Words by Giselle Melendres, editor in chief of Mad Sounds
It’s been about three years since I first started Mad Sounds, and so many incredible things have happened within the short lifespan of this magazine. To this day, I still remember the feeling of seeing an issue of my magazine being promoted as a Staff Pick on issuu.com, or the moments when I would squeal to my parents about the positive feedback we would receive from our followers on Instagram. In December of 2015 I had my first ever “business” call with issuu, and in February of 2016 I had the opportunity to attend issuu.com’s Generators Camp: a conference/workshop in which myself and six other publishers were recognized as some of the best millennial-produced publications on issuu.com. This year, we reached 8.5 million impressions across all of our issues, and have gotten to work with some incredible people in the entertainment and publishing industry.
Now, this post isn’t intended to list off all of the accomplishments of Mad Sounds, or humble-brag under the guise of an “introspective” blog post. Mostly, I wanted to bring attention to the fact that through all of the exciting and rewarding moments, there are moments when I am completely lost, and/or unsure of my own ability to be a “successful” publisher in a competitive industry. And ultimately, I continuously find myself faced with a terrible case of imposter syndrome, in which I question why my publication has even received the recognition it has, and marginally obsess over the ways that I can expand and improve the publication to an even more professional level. The harsh reality is, I am only 19, and I don’t know what I’m doing. At least, not to the extent that a publisher with years of experience, knowledge and a more extensive history of job experience than my own would.

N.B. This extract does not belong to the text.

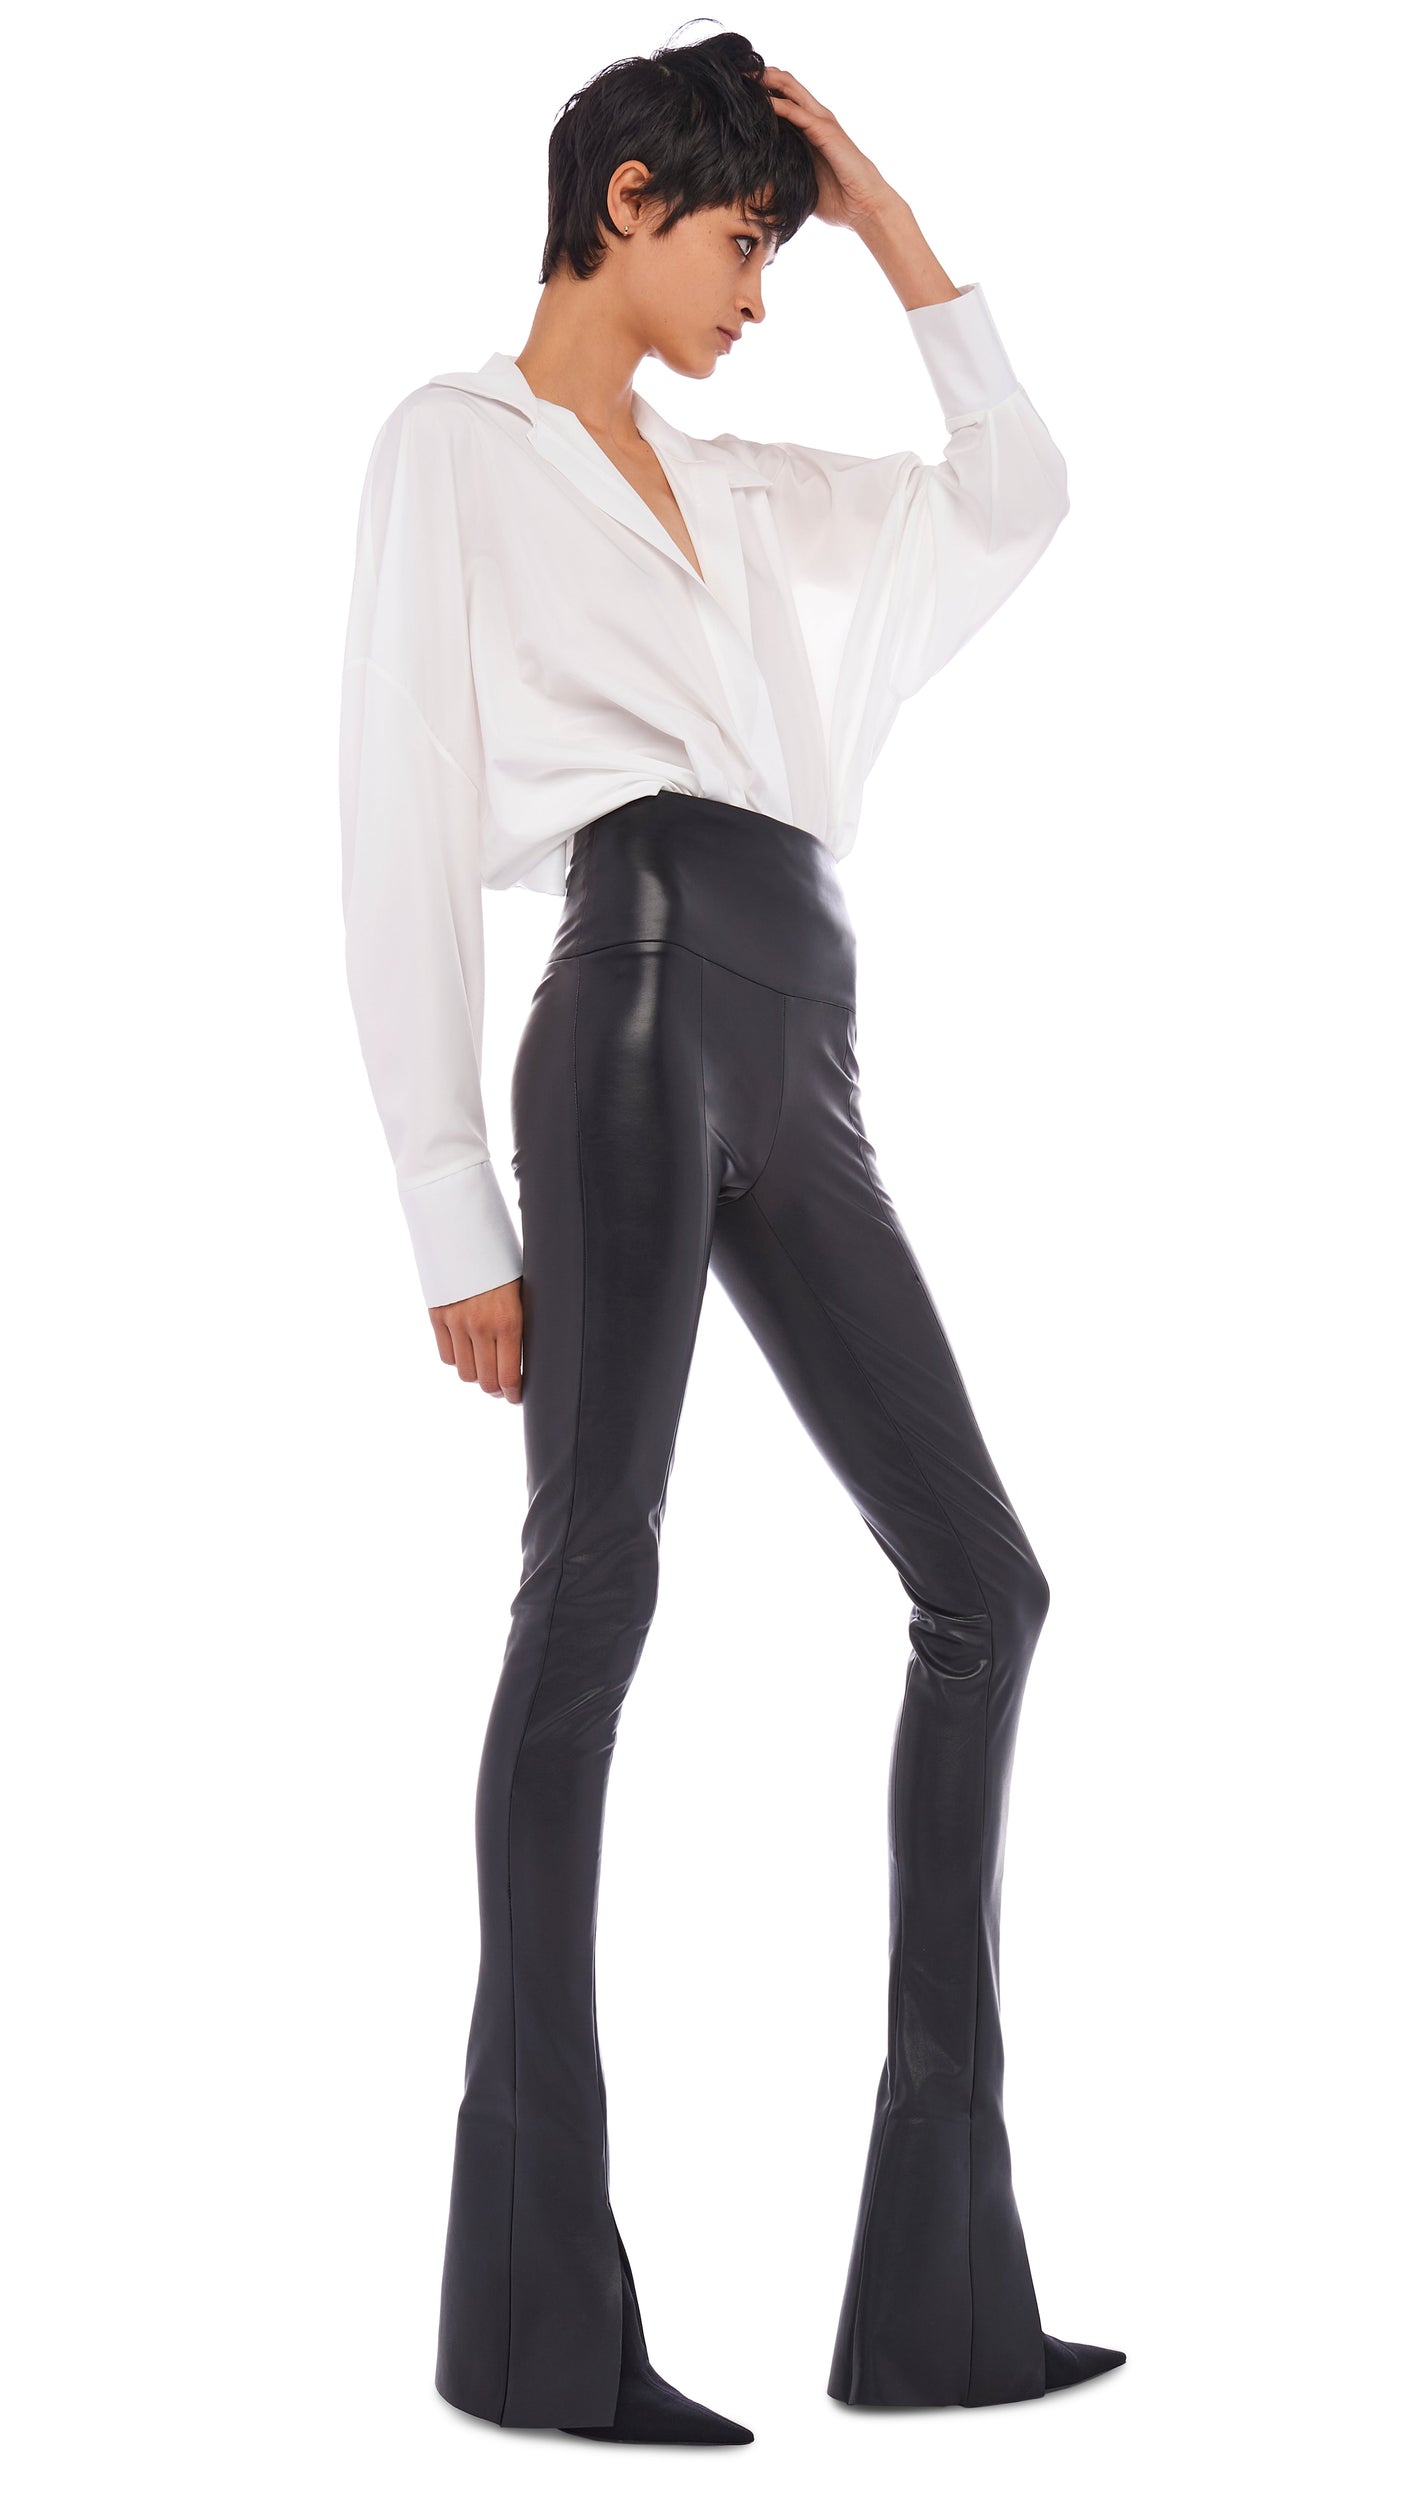 NEW Norma Kamali Women's Spat Slit Front Pants - Black - Size XL

My journey with Mad Sounds has been a process of trial and error — from the designing process, to exploring this extremely foreign idea of networking and collaborating with agencies, publishers and other experts in the industry. All the skills I have developed in producing Mad Sounds have come from a cumulative process of making mistakes and learning as much as I can from them. (I started the magazine on Pages for the Macbook, if that’s any indication of how much I had to learn.) And although what I’ve learned has proved to be extremely useful for running and editing Mad Sounds, being such a young and inexperienced publisher comes with significant challenges.
I think one of the biggest goals of a digital publisher such as myself is to one day be able to print, distribute and sell your magazine and see your work in bookstores across the nation. But when you’re a college student with little savings, it’s extremely difficult to turn those dreams into a reality — printing requires a lot of money. Of course there are investors and grants, and there is only so much that the paycheck from my part-time job can afford me, but ultimately, the idea of monetizing a publication becomes one of the most important solutions in this endeavor, and I still question how, myself, a 19 year old publisher, is even going to think about doing this.
I still have so many questions about how to monetize my magazine, like: How much money would need to be negotiated in working with advertisers? Would I need to find myself a lawyer or business partner in order to monetize at all? How do I obtain a business license? And even…how do I file taxes?
And in addition to finances, or the lack thereof, one of the many challenges that comes with not monetizing (yet) is the constant effort to establish a professional perception of my publication, despite the fact that I do not have the financial means to legitimize or validate my authority as a brand. One of the most difficult questions to answer has become, “What is the budget for this shoot?,” because the answer is almost always a slightly embarrassed, “Well…”, and a long-winded explanation about why we do not make any money off of the magazine, but would really like to someday.
Essentially, being a nineteen-year-old publisher has its downsides, and at times, I’m completely flustered by the fact that my magazine has received the recognition that it has recently, when I’m literally a baby. But, just as Mad Sounds is doing, I am making constant strides to improve myself and educate myself as much as I can in both the publishing industry and business, and I’m working towards expanding the magazine as much as I possibly can. The industry holds a lot of opportunity and a lot of fear in my mind, but I am also extremely grateful to have received endless support from my family, friends and my digital publisher, issuu, all of whom have so kindly believed in my work.
So in the end, imposter syndrome is something that both haunts me, and also encourages me to do more and improve my craft as much as I can. I hope that whoever reads this knows that in every endeavor, it’s easy to discount your abilities, compare yourself to others and focus on the things you haven’t accomplished yet. But having your doubts and insecurities does not mean that your achievements are any less valid or legitimate than they truly are, and every mistake or moment of inexperience you have is worth celebrating.
For now, I’m trying to celebrate the unknown as much as I celebrate the success, and I know that one day, I will stop feeling like such an “imposter” for my own achievements.